內布拉斯加州共和黨人唐·培根 (Don Bacon) 對美國有線電視新聞網 (CNN) 的傑克·塔珀 (Jake Tapper) 說得簡短而甜蜜:“我希望從酒吧里的一個喝醉酒的人那裡聽到這樣的話,而不是美國總統。總統能當總統嗎?”
不,不能。週一,當特朗普有機會在白宮新聞發布會上以領導人的身份亮相時,他更加不喜歡萊納,稱他“不是粉絲”,而這位導演“是一個精神錯亂的人”。
翻譯:萊納一直是特朗普的批評者,而總統此時臉皮薄得幾乎是宣紙。但這位導演的社會良知在他所做的一切中都顯而易見,從他在《全家福》中扮演的自由嬉皮女婿到保守派騙子阿奇·邦克。那是 20 世紀 70 年代,Meathead(又名邁克爾)在每週情景喜劇中不斷譴責阿奇的種族主義、偏執和性別歧視。阿奇的惡作劇現在是惡作劇的政客和尋求關注的影響者所擁護的醜陋東西,但在當時,他對“酷兒”和“有色人種”的咆哮代表了舊的偏見,如果國家要向前發展,就需要消除這些偏見。該劇的創作者諾曼·李爾用肉頭開了一個醜陋的玩笑來暴露阿奇的無知。即便如此,雷納仍在打敗那頭熊。
賴納直言不諱地批評特朗普和其他領導人和運動,這些領導人和運動試圖限制此前被認為載入憲法的自由,直到“讓美國再次偉大”開始一一摧毀它們。

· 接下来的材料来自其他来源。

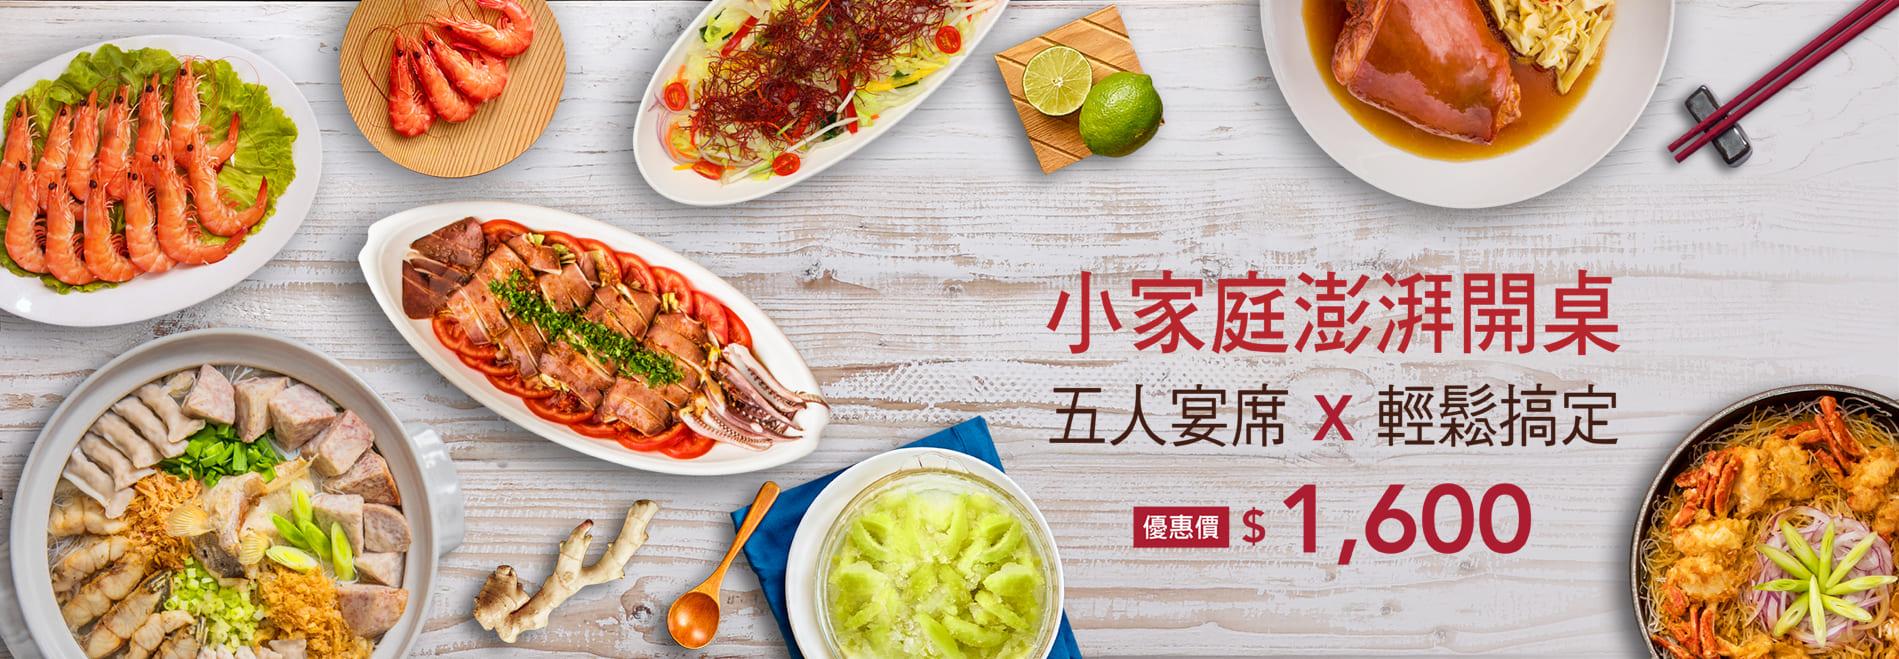 懷念料理-呷歡喜 (5人)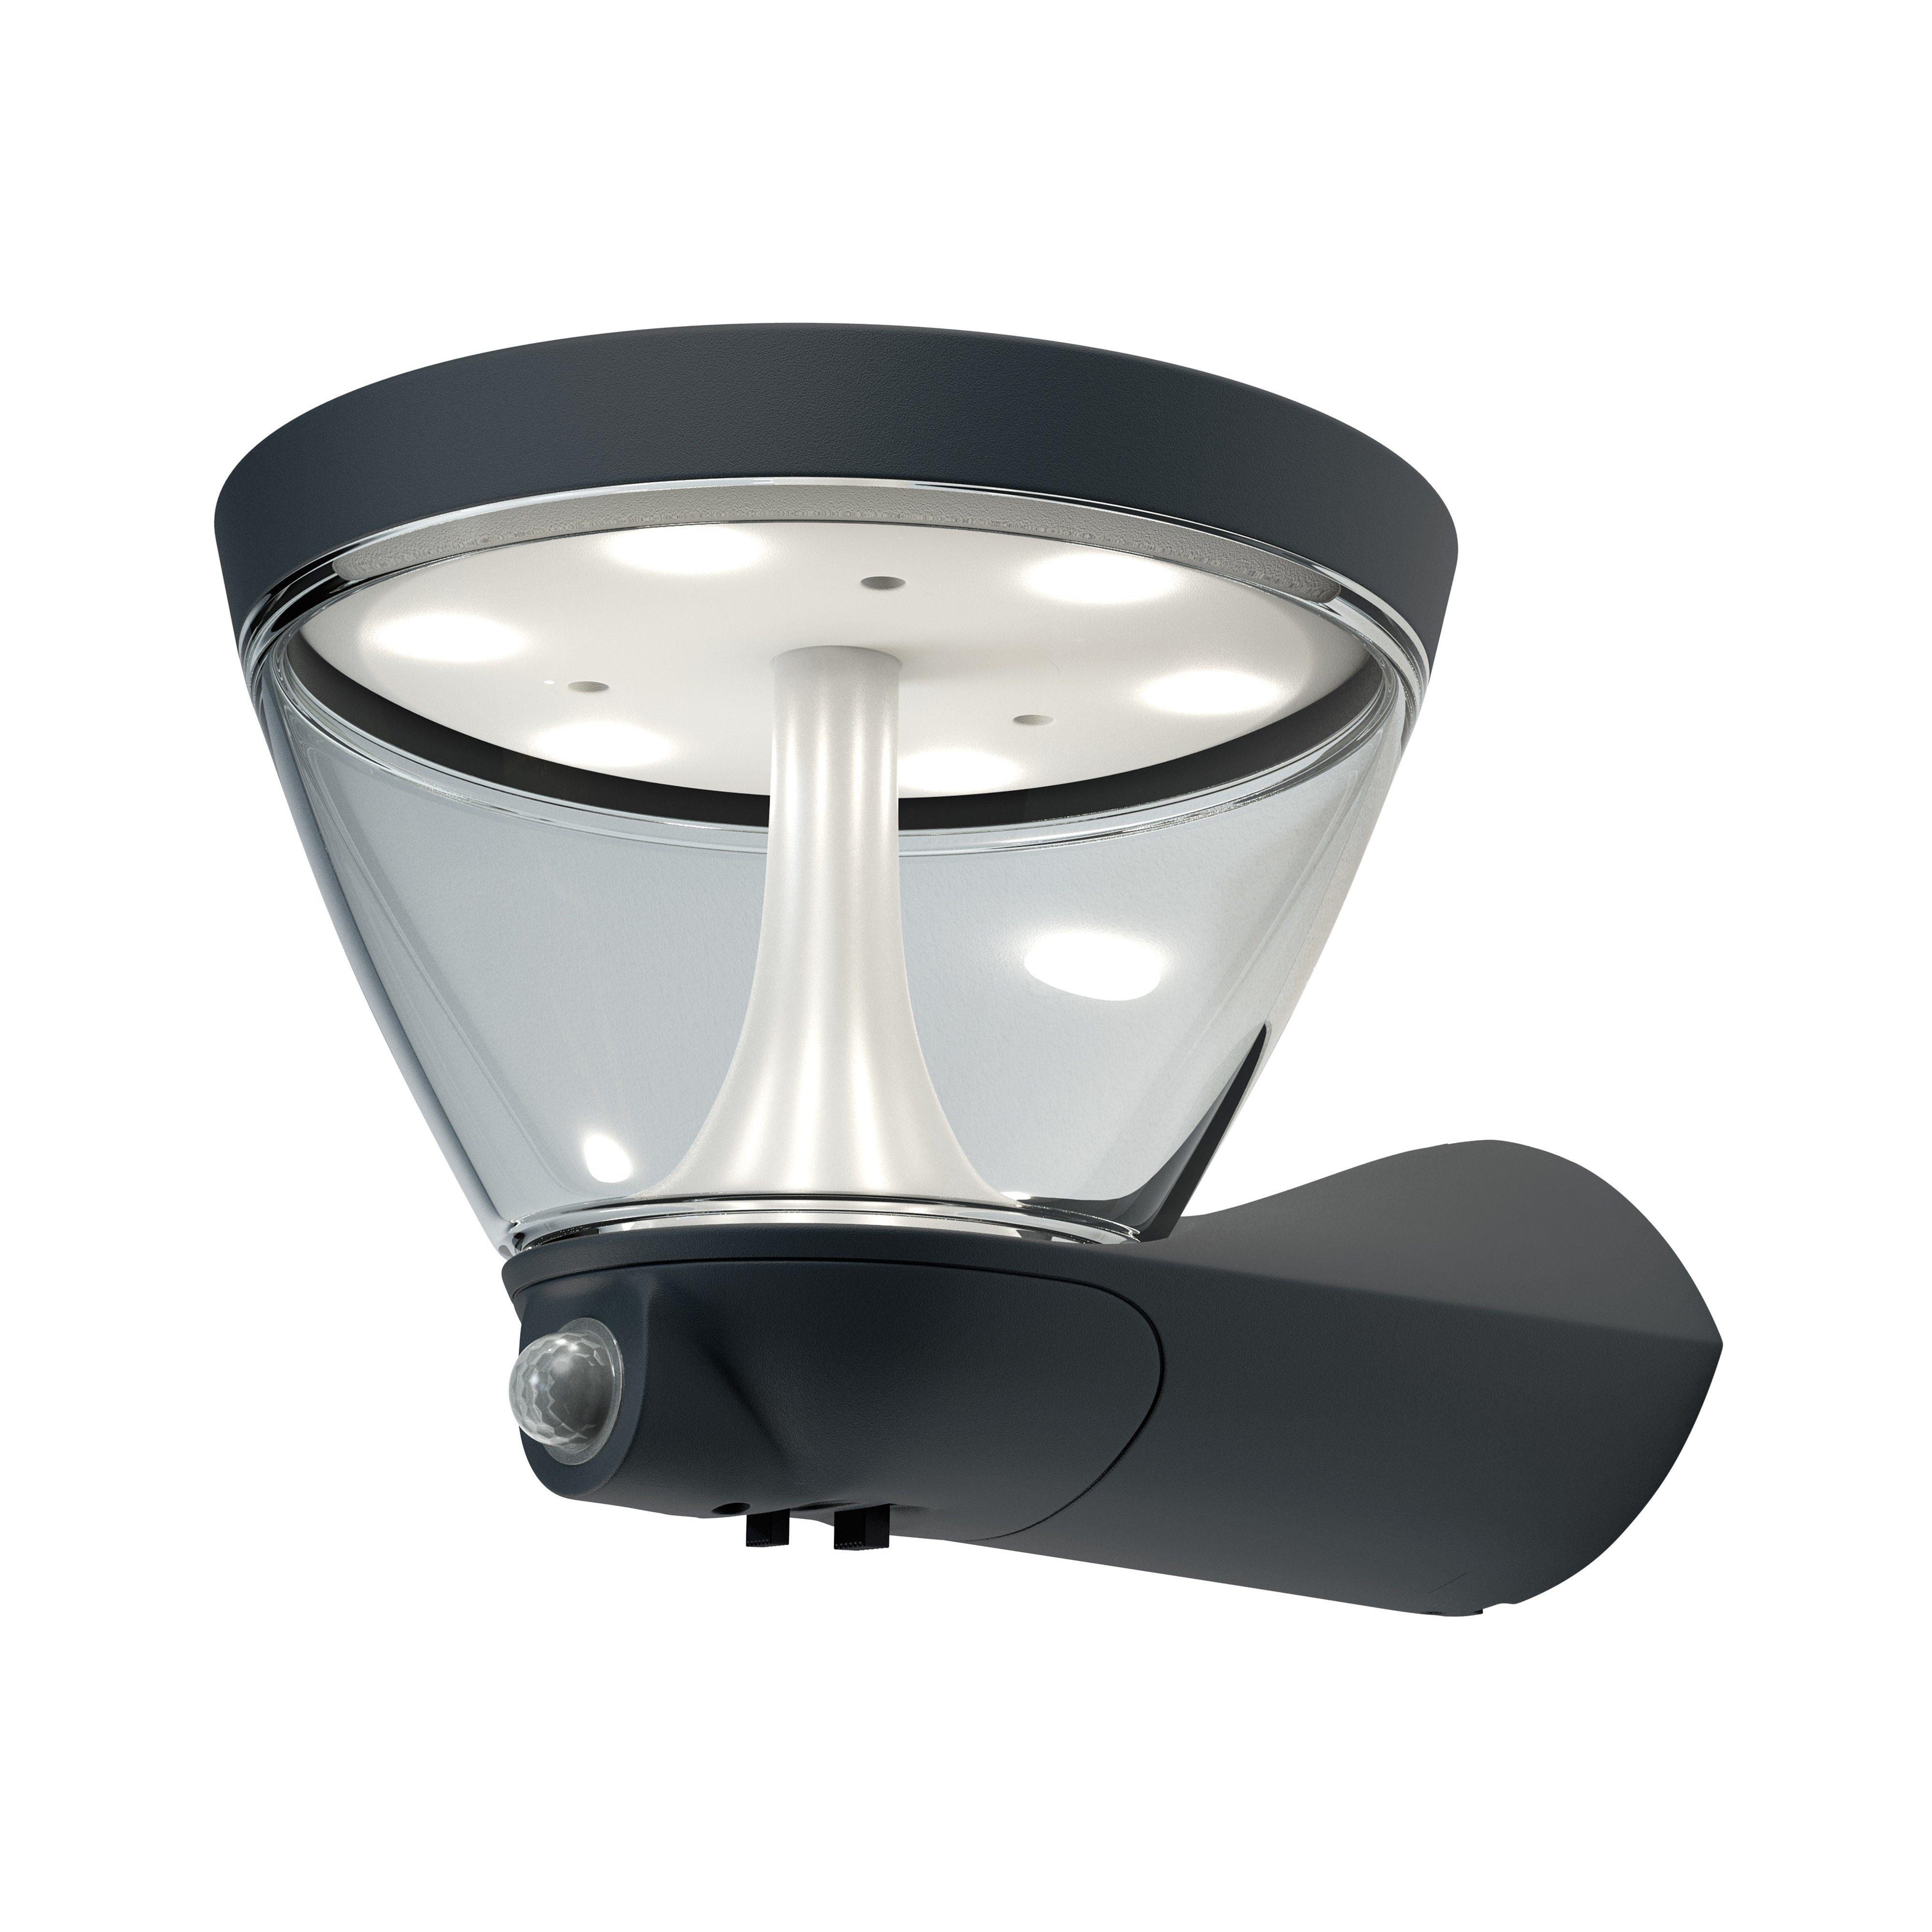 Osram LED-Wandleuchte mit integriertem Bewegungsmelder »ENDURA STYLE Lantern Solar/AC 5W«

這位喜劇演員一直是民主理想、民主黨候選人、同性婚姻、幼兒教育和政府透明度的倡導者,帶頭提出加州第 10 號提案(提案 5),通過煙草稅資助幼兒發展項目。他還幫助推翻了加利福尼亞州短暫禁止同性婚姻的第 8 號提案。
萊納對所有流派都是必要的理解在他的作品中顯而易見。正如業內人士所說,他是一位範圍導演,執導了一系列成為文化試金石的電影,從 1984 年開創性的紀錄片《This Is Spinal Tap》開始,這部諷刺作品永遠改變了重金屬分貝水平的語言(“把它調到 11!”)。接下來是 1986 年的成長劇《伴我同行》、1989 年開創性的浪漫喜劇《當哈利遇到莎莉……》和 1990 年的令人毛骨悚然的心理恐怖驚悚片《苦難》,講述了一位遭受創傷的小說家被他最忠實的粉絲俘虜的故事。
他的一些電影直接解決了萊納在自己的生活中努力糾正的不平等和暴力問題。 《密西西比的幽靈》探討了 1994 年對白人至上主義者拜倫·德拉·貝克維斯 (Byron De La Beckwith) 的審判,他被指控在 1963 年謀殺民權活動家梅德加·埃弗斯 (Medgar Evers)。雷納 2017 年的電視劇《震驚與敬畏》講述了一群記者的真實故事,他們反對布什政府為 2003 年入侵伊拉克辯護,當時他們發現了有關大規模武器的虛假信息的證據。破壞。
儘管他公開反對這場中東戰爭已經可以接受,但在電影上映的同一周,他被發現簽署了一份由巴勒斯坦電影製作人安娜瑪麗·賈西爾牽頭的請願書,譴責特朗普在2017年正式承認耶路撒冷為以色列首都的決定。身為猶太人的萊納告訴《國民報》,特朗普“對地緣政治事件或事物之間的聯繫一無所知。沒有對這一決定進行反思,也沒有與阿拉伯世界甚至非阿拉伯世界的盟友接觸,看看這會產生什麼影響。”
萊納在柯克的死中看到了悲劇和悲傷,因為無論意見如何不同,他都能對生命的逝去感同身受。